[[ Provided data open ]]

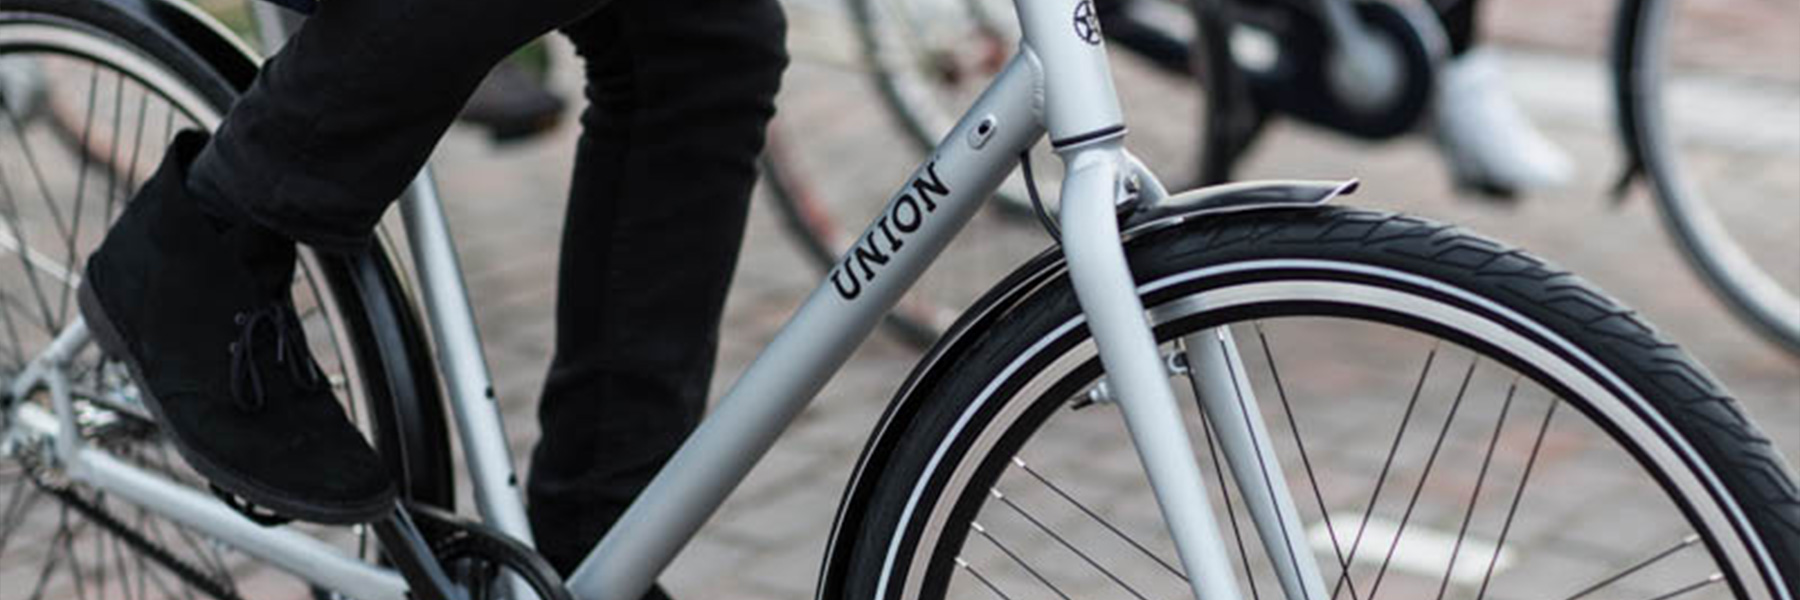 Close up riemaandrijving Union fiets
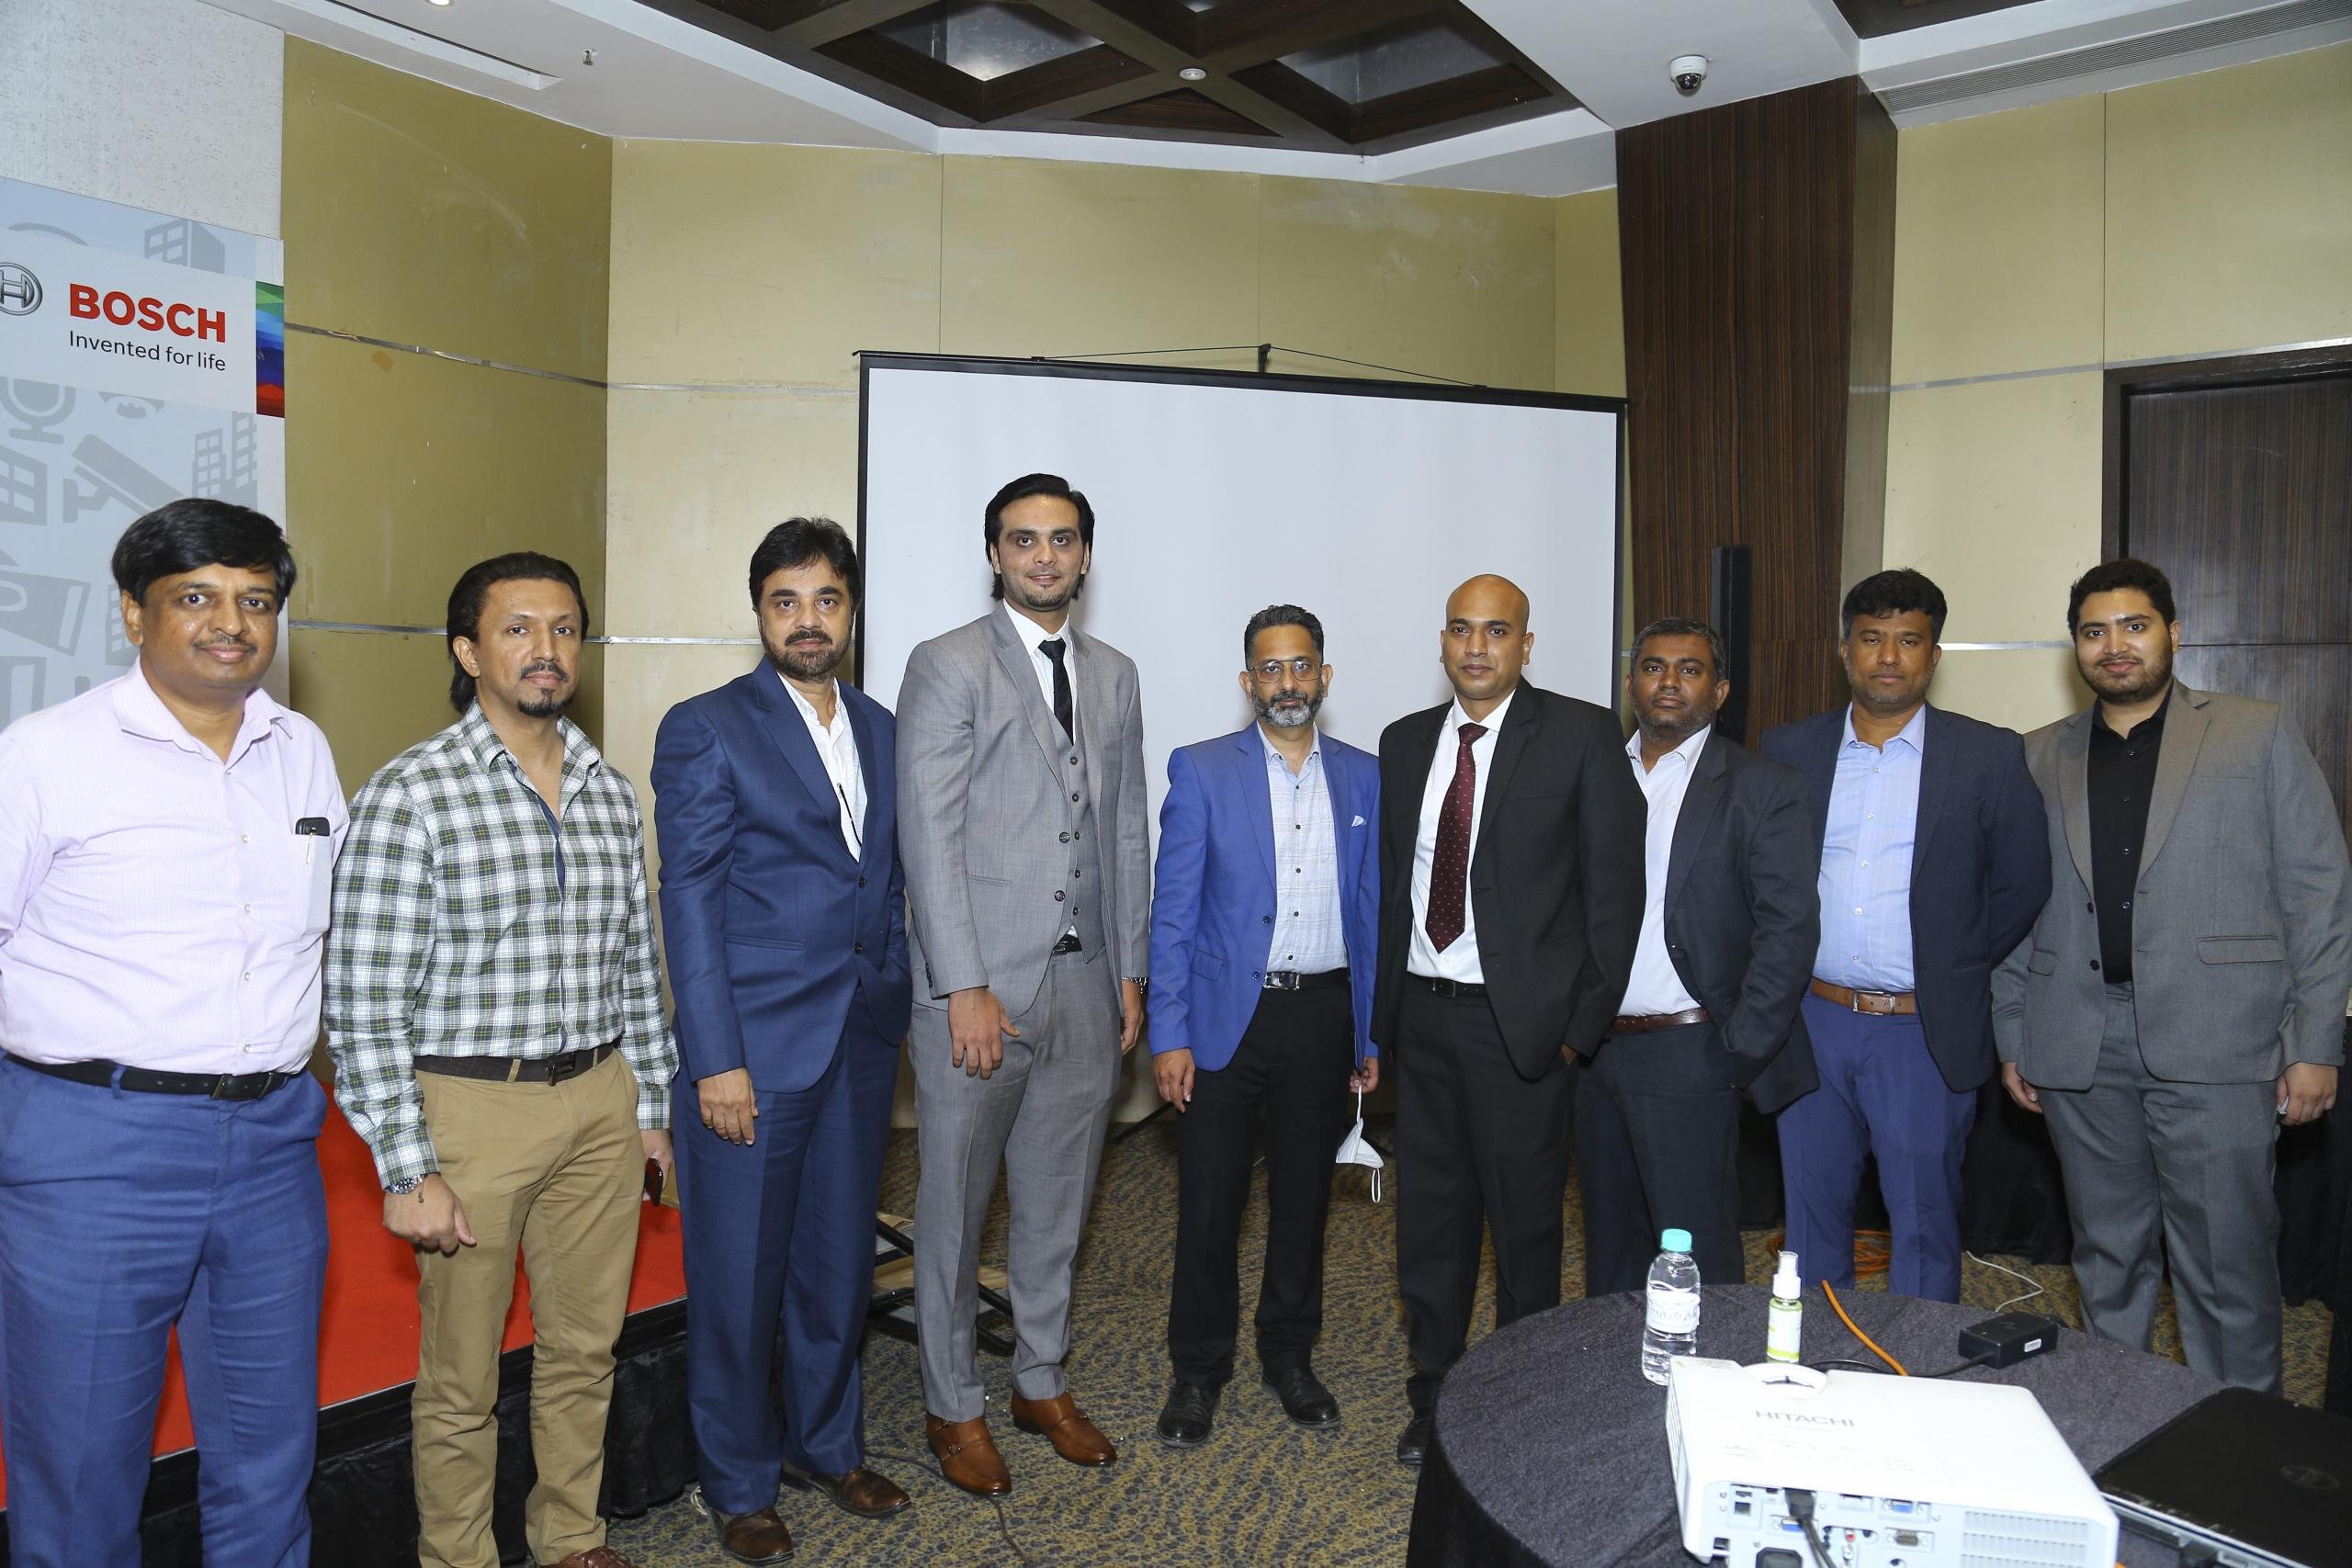 Shah Global Organised Bosch Business Meet in Hyderabad
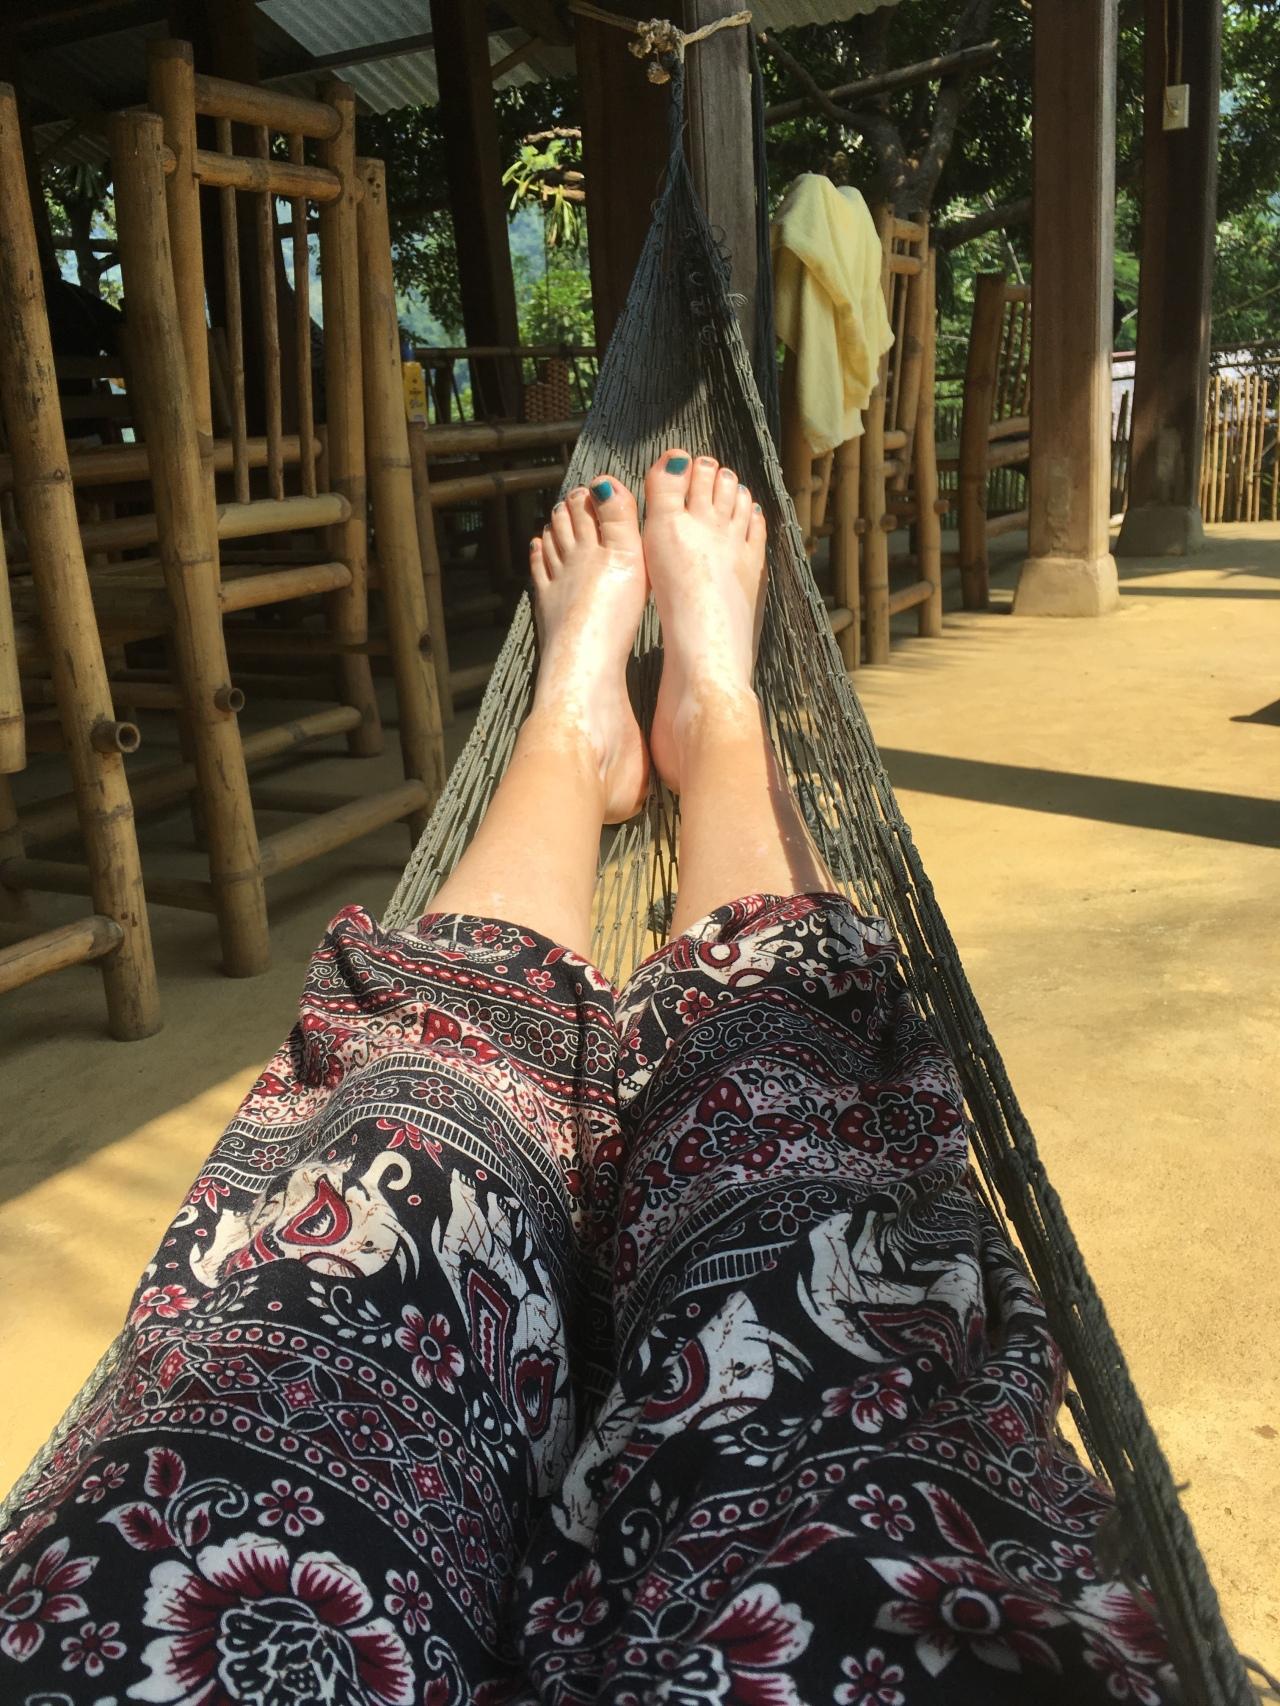 Hammock vitiligo feet

[[ Provided data closed ]]

### Task instructions
Exactly as written, restate the listing above with its pictures omitted.

### Written response
 Close up riemaandrijving Union fiets
 Shah Global Organised Bosch Business Meet in Hyderabad
 Hammock vitiligo feet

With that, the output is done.